State-dependent Effects of Mutations in the IIIS6
Segment--
In contrast to their inhibitory effects on
inactivated-state block, mutations L1465A, N1466A, and I1469A increased
resting-state block by lamotrigine. L1465A and N1466A also increased
resting-state block by etidocaine, but I1469A had no effect. We suggest
that, in the resting conformation of the channel, each of these
mutations that substitute alanine for a larger hydrophobic residue
creates additional space for the drug molecule to reach its binding
site in the resting state of the channel and thereby enhances
resting-state block.
Frequency-dependent block involves drug entry and binding
to the open state of the channel followed by stabilization of the bound
drug during inactivation. Mutations L1465A and I1469A reduced frequency-dependent block by etidocaine, and I1469A reduced
frequency-dependent block by 619c89. Measurement of on- and
off-rates of 619c89 and etidocaine for L1465A, N1466A, and I1469A
revealed different effects of these mutations on the kinetics of
interaction of these drugs with their receptor site. None of these
mutations had any effect on the rate of onset of channel block by
619c89. In contrast, L1465A decreased the onset rate of etidocaine
block, whereas N1466A and I1469A had no effect. The rate of recovery
from 619c89-bound channels at the resting membrane potential was faster
for I1469A and slower for L1465A. In contrast, L1465A induced faster
recovery of etidocaine-bound channels and I1469A had no significant
effect.

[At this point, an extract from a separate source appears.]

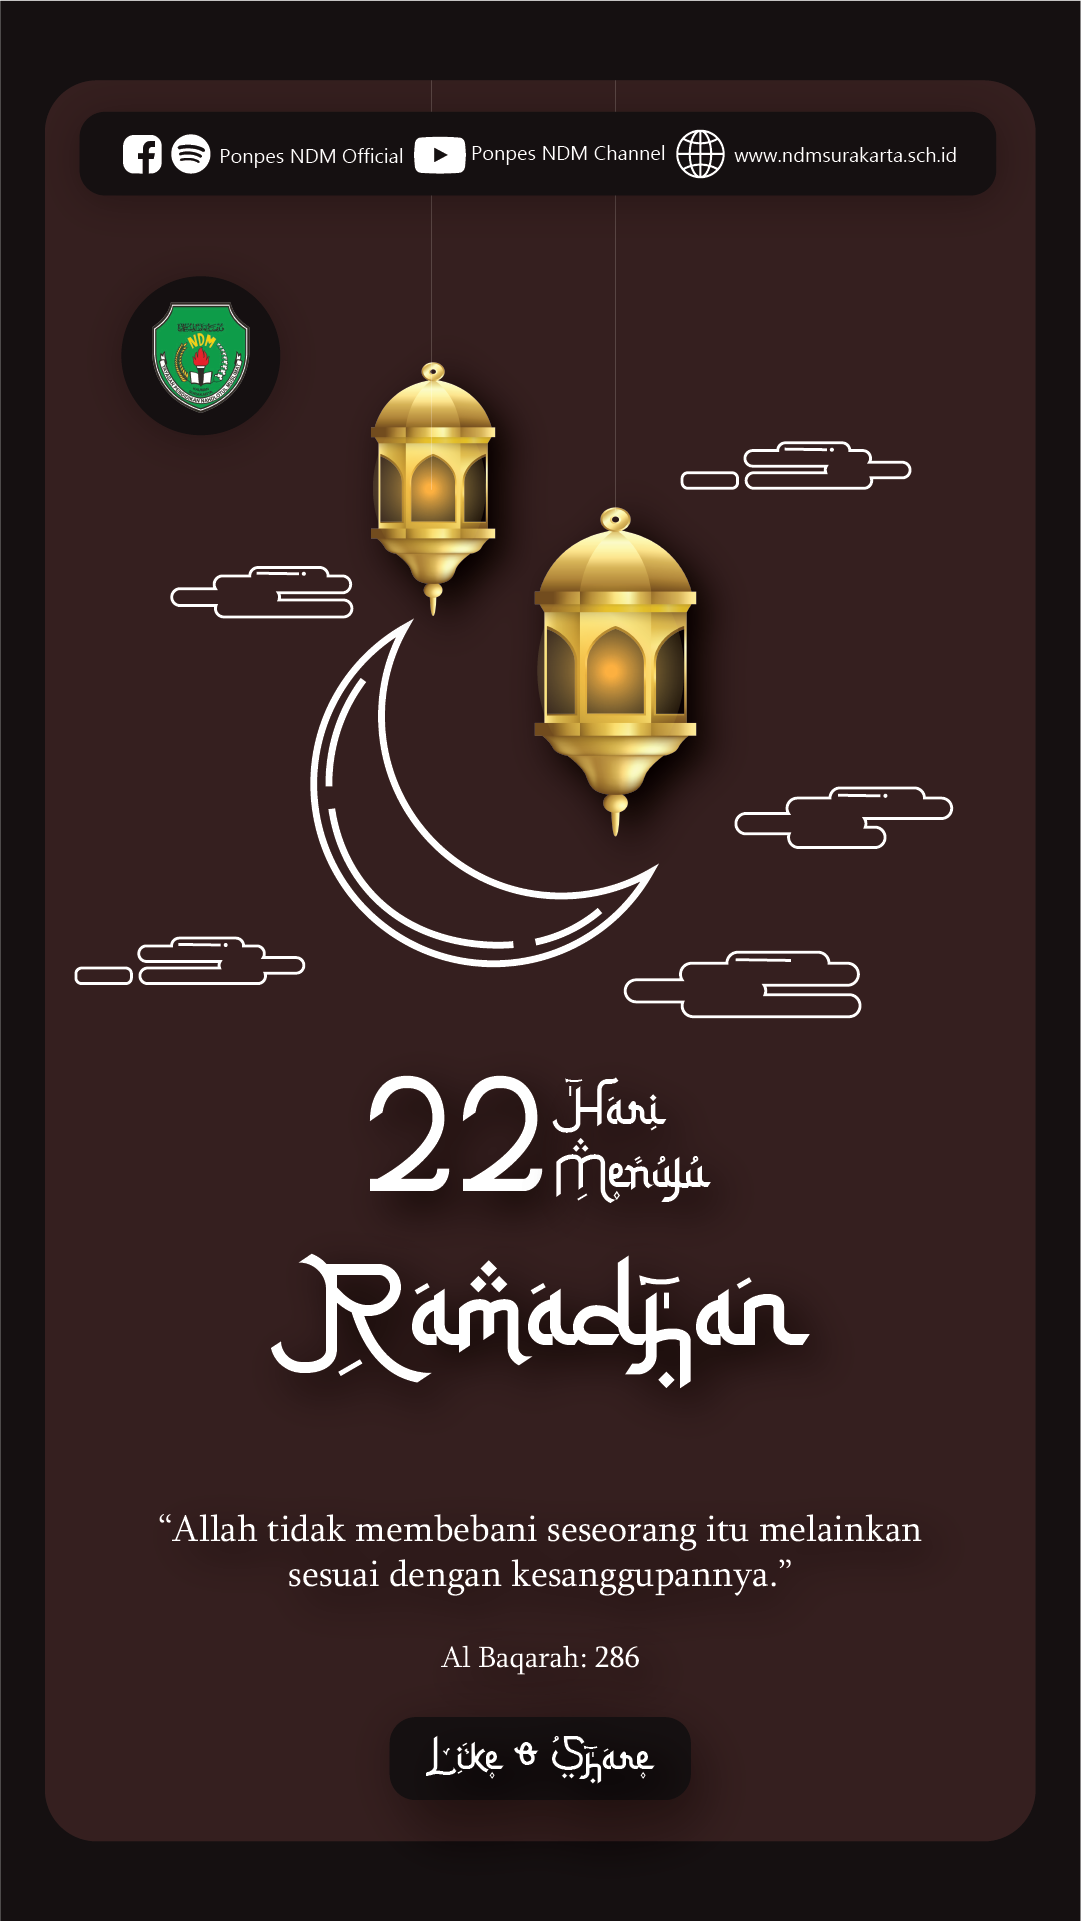 H-22 Menuju Ramadhan 1443 H / 2022 M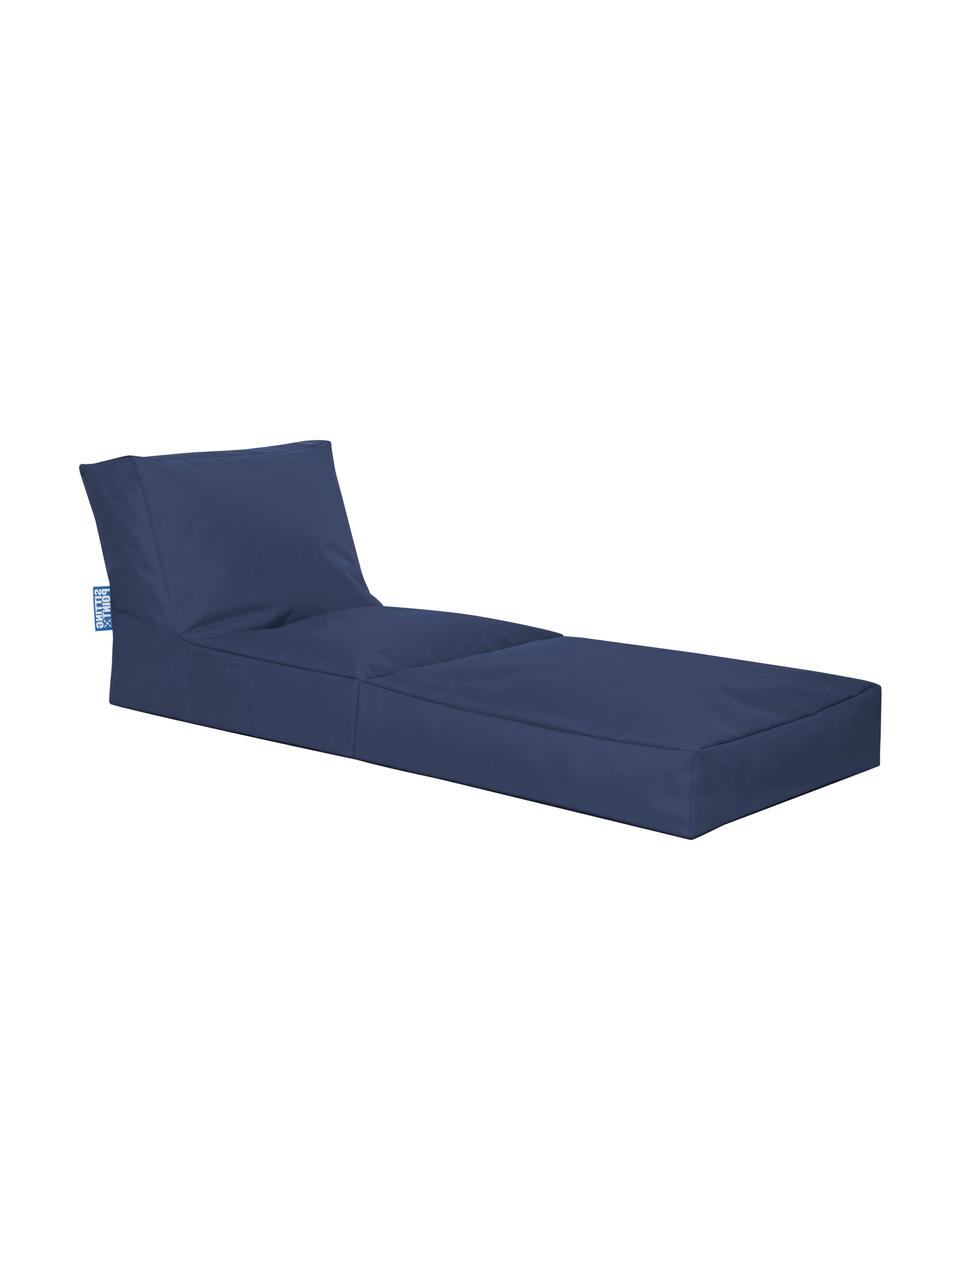 Fotel ogrodowy z funkcją leżenia Pop Up, Tapicerka: 100% poliester Wewnątrz p, Jeansowy niebieski, S 70 x G 90 cm

Thus, both faster recovery from block and reduced
inactivated-state affinity contribute to the reduction in
frequency-dependent block by I1469A, whereas reduced
inactivated-state affinity is the primary effect for L1465A. Increased
use-dependent block of N1466A by 619c89 is due to slower
recovery rate from block by this compound. Reduced affinity for
inactivated channels, slower onset rate, and faster recovery rate all
contribute to the large decrease in frequency-dependent
block of L1465A by etidocaine, whereas the smaller effect of I1469A on
frequency-dependent block is due entirely to reduced
affinity for inactivated-state block. The complex effects of these
mutations on the kinetics of drug binding and dissociation suggest that
interactions of these amino acid residues with different chemical
moieties of the drug molecules can specifically affect the kinetics of
these processes.
Overall, our results show that the effects of these mutations are
greatest for high affinity drug binding to the inactivated state of
Na+ channels and are smaller and variable for low affinity
drug binding to resting and open states. We conclude that the high
affinities of local anesthetic and anticonvulsant drugs for inactivated
Na+ channels depend on interactions with Leu-1465 and
Ile-1469 in the IIIS6 segment and Ile-1760, Phe-1764, and Tyr-1771 in
the IVS6 segments. Gating movements of the IIIS6 and IVS6 segments may
allow access of these drugs to their receptor site, which becomes
available as the channel opens and increases in affinity as it inactivates.